As previously noted, some witnesses supported the creation of a link between an FTAA and core labour standards. The Committee also heard a dichotomy of views on the preferred approach for their linkage. Some opposed using a NAFTA-like side agreement and wanted to incorporate labour standards in an FTAA. Others endorsed the idea of a separate agreement outside of an FTAA. The Committee believes that an ancillary agreement, such as the North American Agreement on Labour Co-operation (NAALC), might best address the concerns of those who fear that Canadian labour standards would diminish with freer trade in the Americas. Such an agreement would avoid the likely possibility of protracted negotiations by eliminating an additional layer of complexity. More importantly, the possibility of using labour standards to facilitate protectionism would be reduced, a position also endorsed by the WTO. By seeking an agreement on core labour standards outside of an FTAA, each country's sovereignty in the area of labour law would also be assured. In the Committee's view, the primary focus of an FTAA side agreement on labour standards should be standards related to the fundamental rights of workers as identified by the ILO's Governing Body, although the promotion of non-core labour standards should also be encouraged. An FTAA supplementary accord on core labour standards should protect these rights to the extent that they are protected under national legislation. The institutions, enforcement provisions and dispute resolution features put in place to achieve this goal should encourage signatories to respect and build upon their core labour standards.8 The Committee also believes that the ILO should be an active participant under these agreements and that the model selected must be affordable for all FTAA signatories.

The Committee therefore recommends:

10. That the Government of Canada work to build up the presence of the International Labour Organization in the hemispheric initiative and continue to promote labour standards throughout the Americas.


1 http://www.dfait-maeci.gc.ca/english/trade/wto/intl-trade.htm

2 Department of Foreign Affairs and International Trade, Opening Doors to the World: Canada's International Market Access Priorities, 1999, July 1999, Chapter 3, p. 1.

3 International Monetary Fund, Direction of Trade Statistics Yearbook, 1998.

4 NAFTA's long-run impact on the size of the Canadian economy was estimated to be less than 0.1% (see Department of Finance, The North American Free Trade Agreement: An Economic Assessment from a Canadian Perspective, November 1992, p. 33-5).

5 World Trade Organization, Annual Report, 1998, p. 48-9.

6 OECD, Trade, Employment and Labour Standards, Paris, 1996, p. 112.

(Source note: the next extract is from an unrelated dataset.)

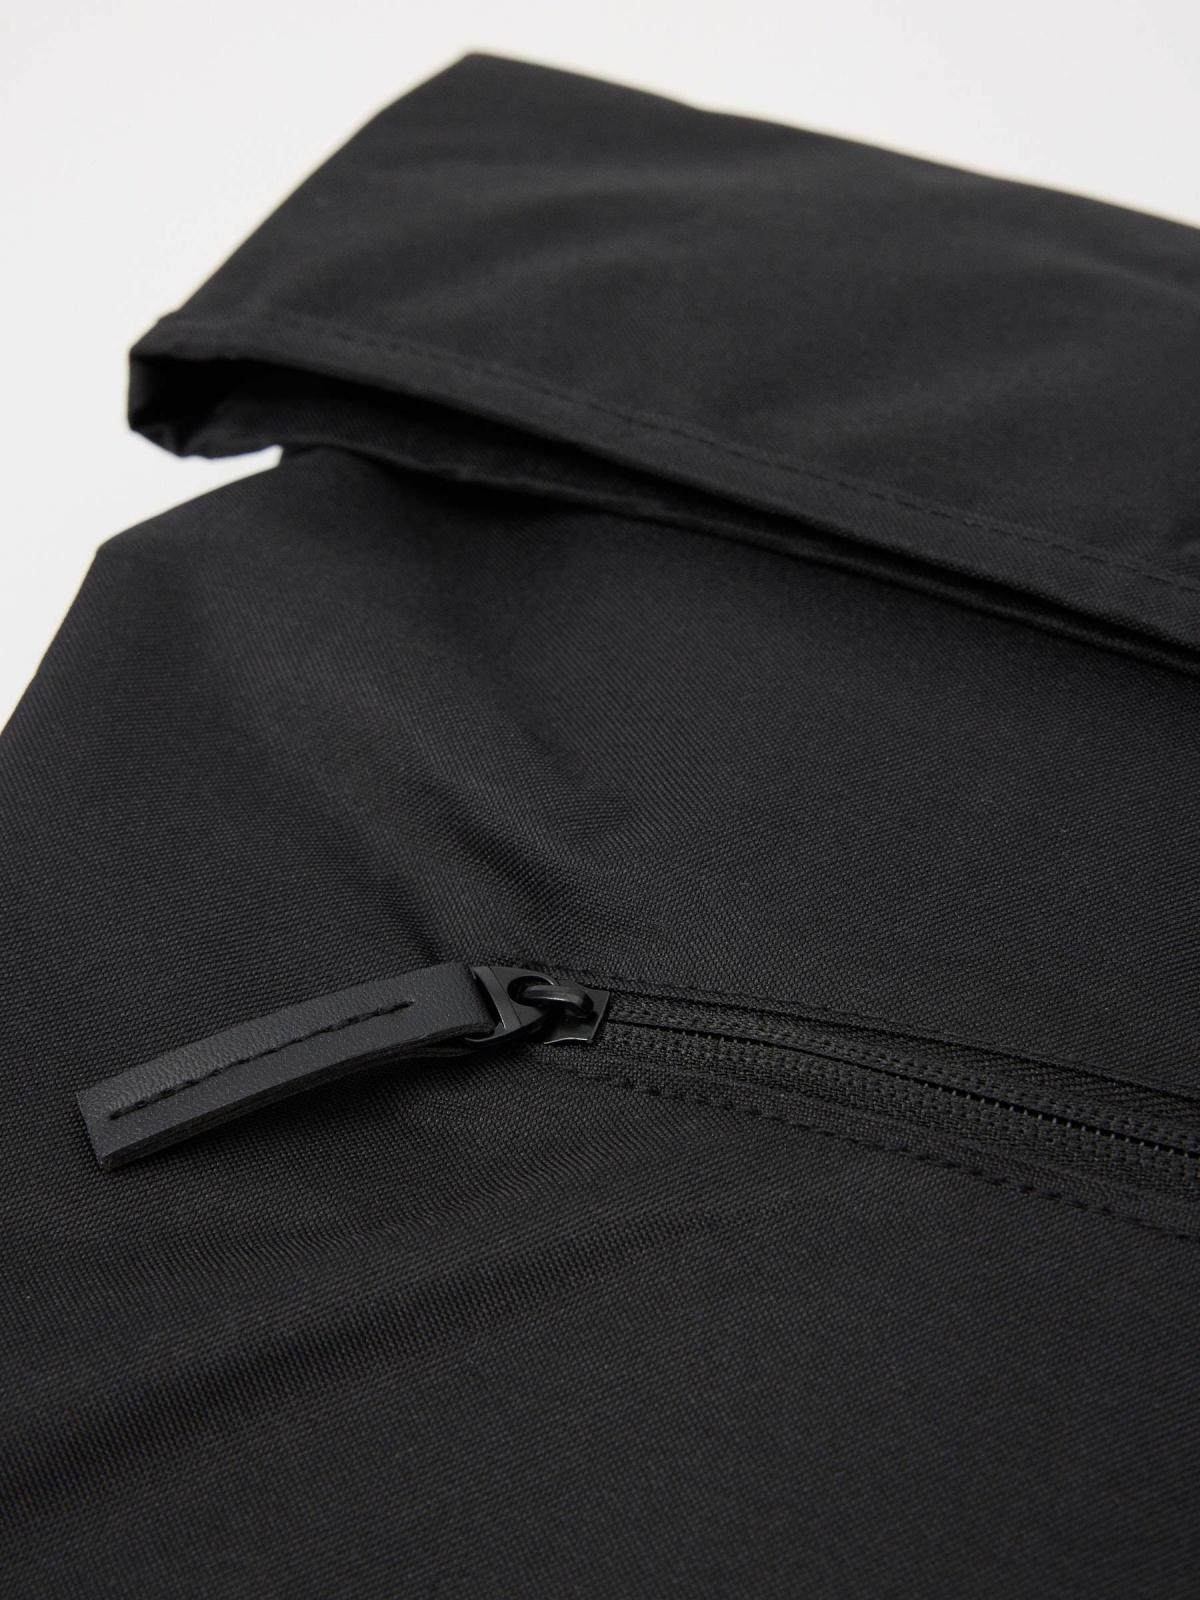 Nylon backpack detail view

7 The ILO encourages compliance through its international supervision activities. Every five years members are obliged to supply reports on the effect given to ratified conventions. The Committee of Experts reviews these reports. If a government is deemed to be delinquent it is informed of the necessary steps that should be taken to ensure full compliance. In addition, any member state, or national or international workers' or employers' organization may make a representation that a member state has failed to comply with a ratified convention. These representations are reviewed by the Governing Body, which may decide to appoint an independent Commission of Inquiry. The Commission reports its findings and the Committee of Experts follows up on the implementation of any recommendations. While these procedures may persuade some member states to comply, in reality the ILO is void of any real enforcement powers.

8 One reason why some witnesses opposed linking trade and labour standards through a supplementary agreement like the NAALC was the perceived ineffectual enforcement mechanism associated with this agreement. This perception has merit, since enforcement penalties are limited to non-enforced labour laws dealing with health and safety, child labour and minimum wages. The majority of submissions to date pertain to alleged violations of the right to freely associate and organize a union. Enforcement provisions pertaining to violations related to this key labour standard, in conjunction with the right to bargain collectively and the right to strike, are limited to ministerial consultations, with no further action required.